Ícone do site Diário do Transporte

ETCD DEIXARÁ DE EXISTIR ATÉ COMO GERENCIADORA

O nome ETCD deixará de existir definitivamente. Uma das mais emblemáticas empresas de transportes públicos entrou definitivamente na história. A ETCD teve seu braço operacional privatizado recentemente e agora não atuará nem mais como gerenciadora assim que a Benfica assumir os serviços. A Prefeitura não sabe se o gerenciamento ficará sob responsabilidade da Secretaria de Transporte ou se criará uma empresa municipal só para isso. A ETCD foi criada num momento de maior intervenção do poder público no setor. Em seguida, as remunerações das empresas privadas por serviço prestado, que surgiram neste contexto, caíram por terra. Mas outras empresas públicas já existiam como a CMTC, na Capital Paulista, há muito tempo e trouxeram desenvolvimento para o setor. Em outros países, as operações de ônibus são de empresas públicas.
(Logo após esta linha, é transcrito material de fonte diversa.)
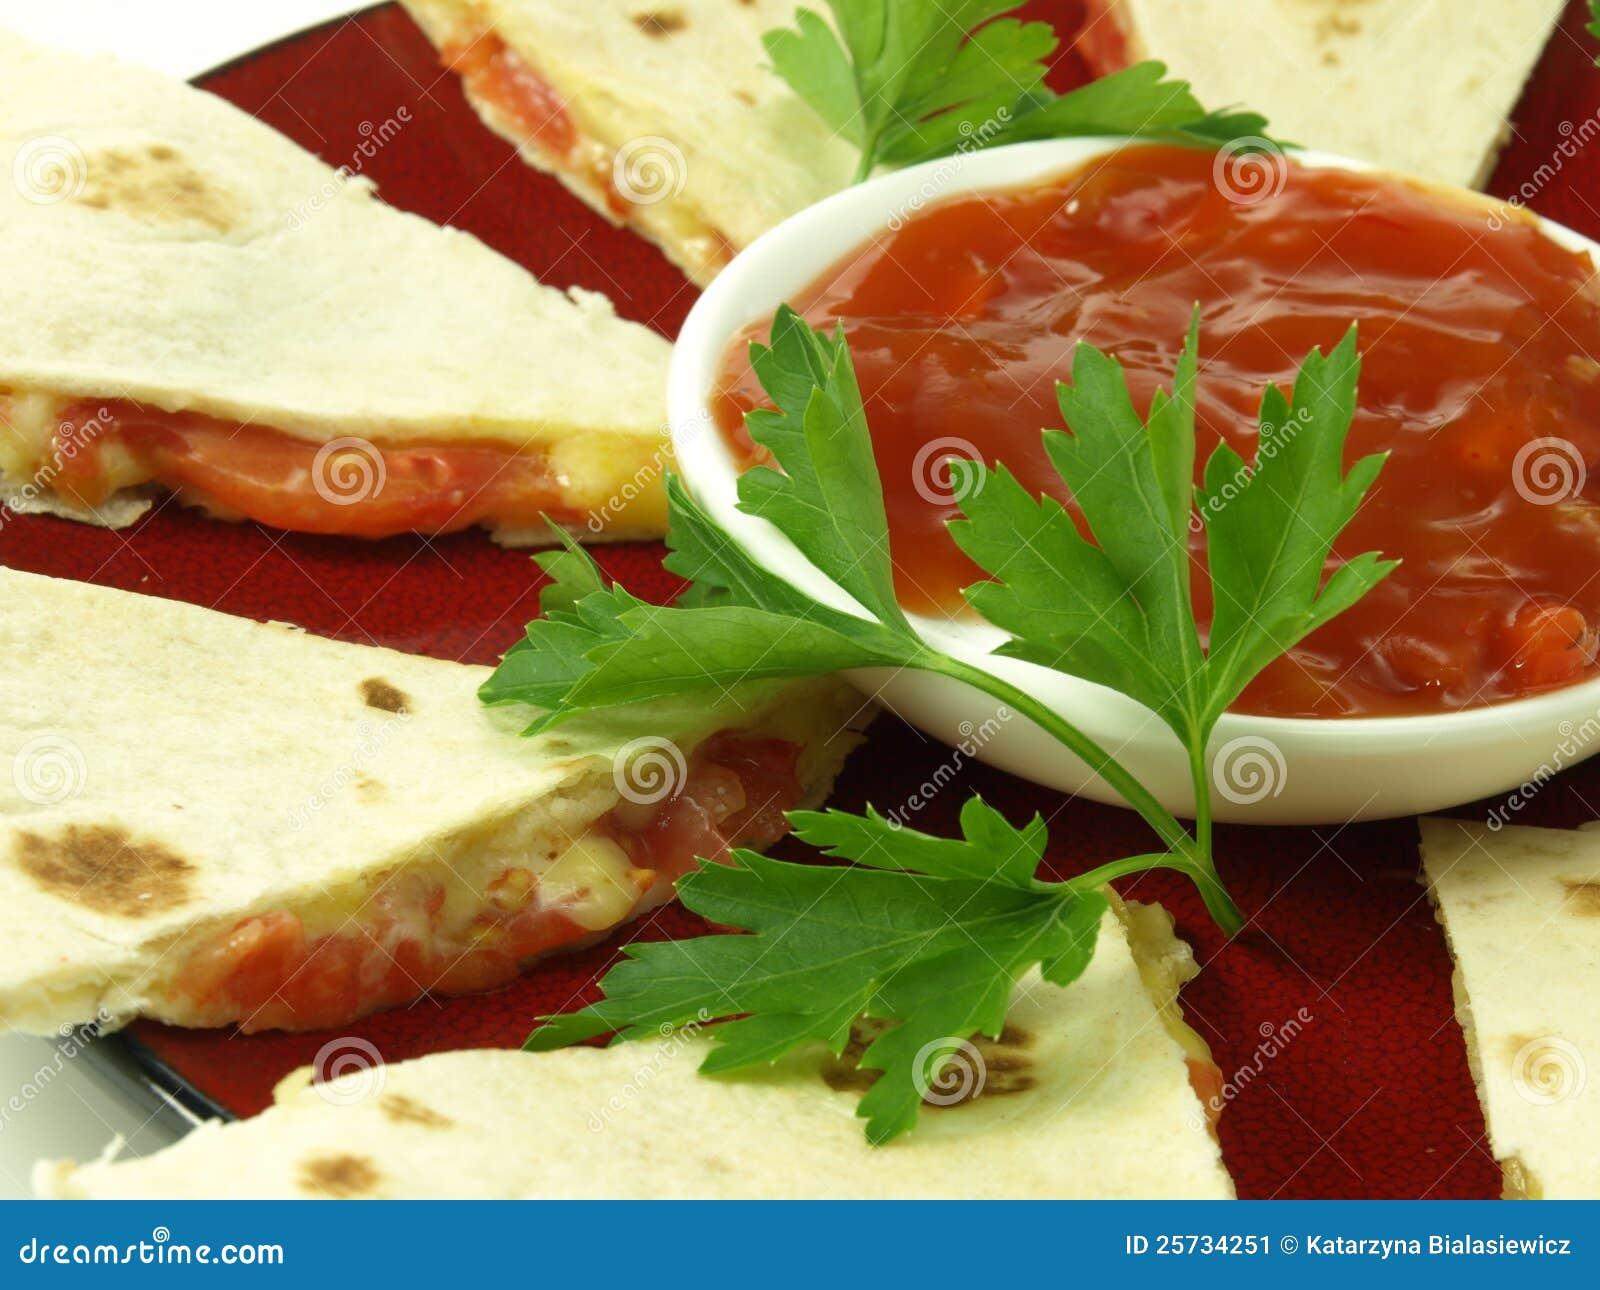 Mexican quesadilla, closeup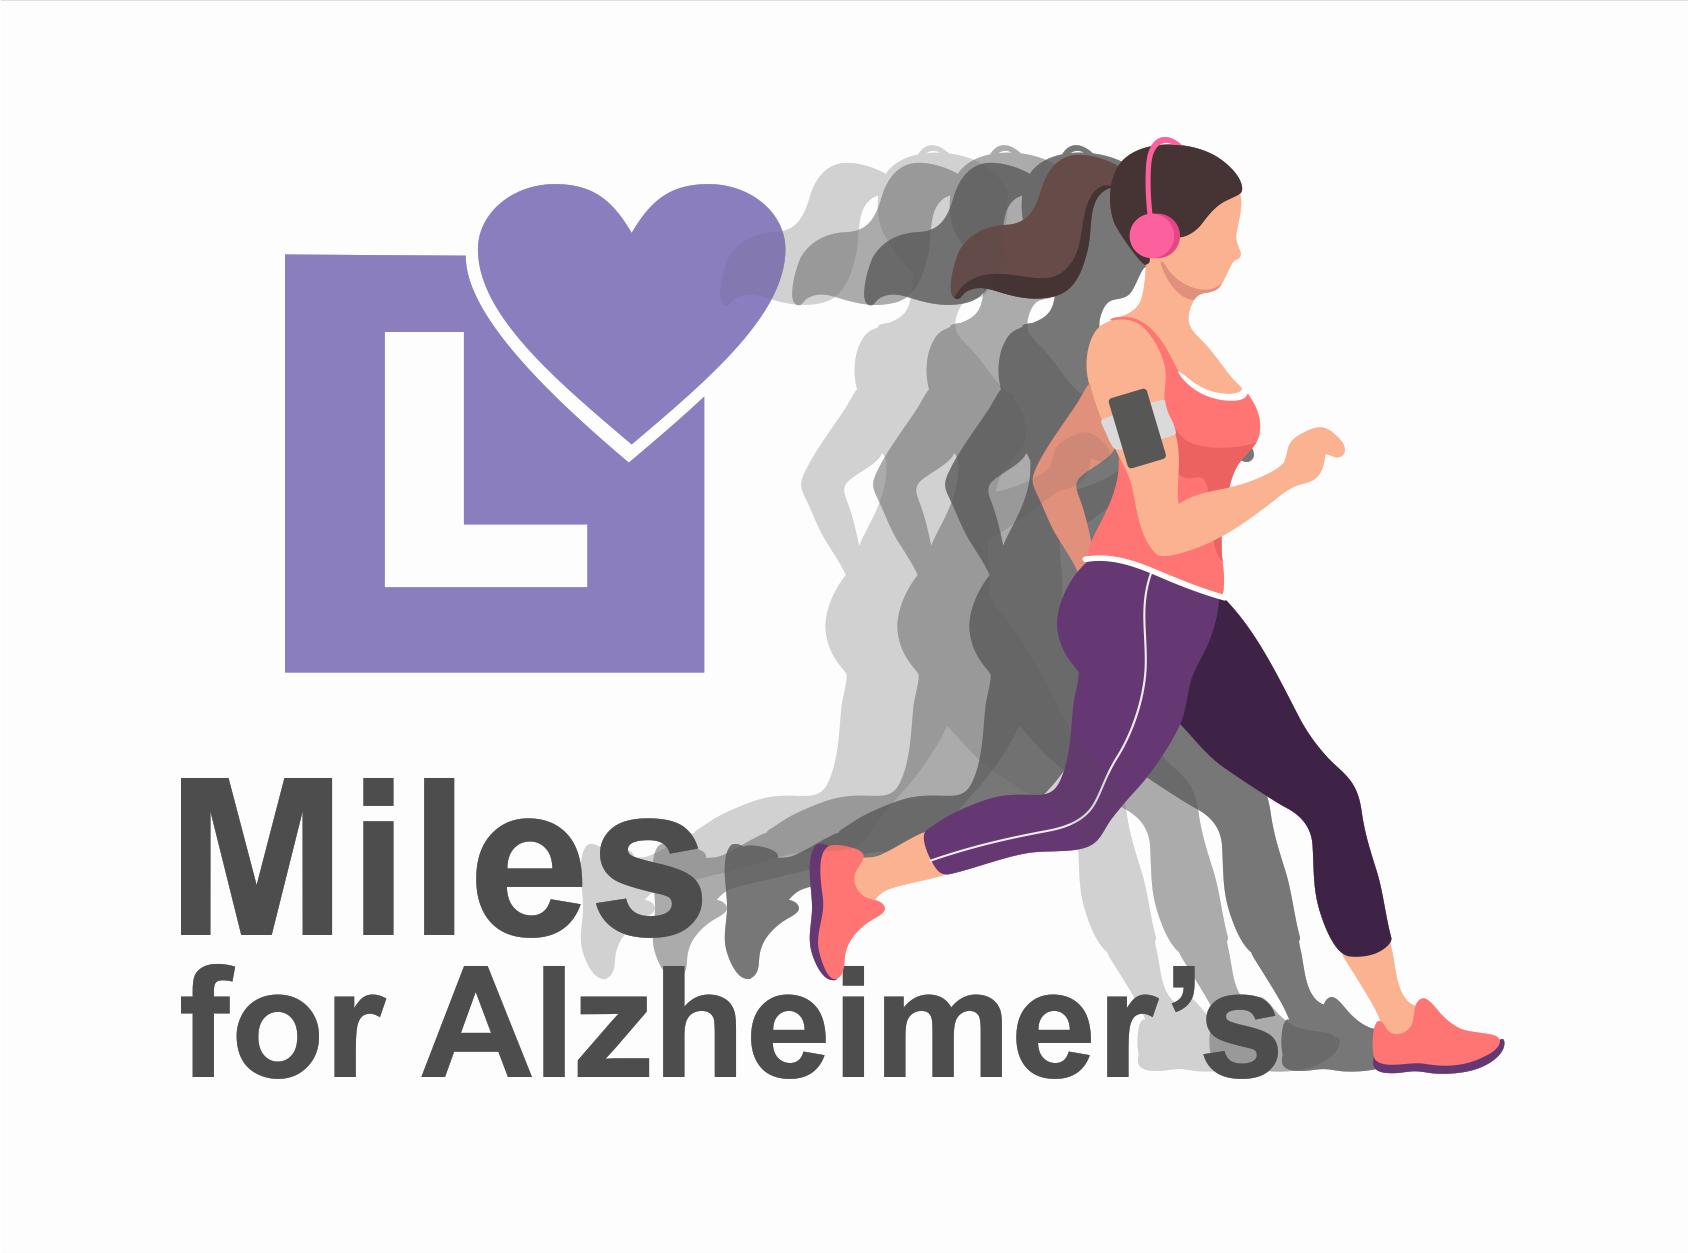 Mile for Alzheimer's

A ETCD leva à reflexão sobre o papel das empresas públicas e acima de tudo, como foram tratados pelos governos: Seria o modelo brasileiro errado ou ele na verdade nunca foi colocado em prática? – Foto: Adamo Bazani

ETCD deixará de existir até como gestora
Prefeito de Diadema afirmou que gerenciamento e fiscalização ficarão sob responsabilidade da Secretaria de Transporte

ADAMO BAZANI – CBN

A ETCD – Empresa de Transportes Coletivos de Diadema, na Grande São Paulo, foi um dos símbolos de companhias públicas no Estado.
E se limitará agora a ser um símbolo mesmo que ficará na memória do setor.
O prefeito Mário Reali, do PT, anunciou que a ETCD, que teve o braço operacional privatizado recentemente e que será assumido pela vencedora do enrolado certame, Benfica Transportador Turística, deixará de existir até mesmo como gerenciadora dos transportes de Diadema.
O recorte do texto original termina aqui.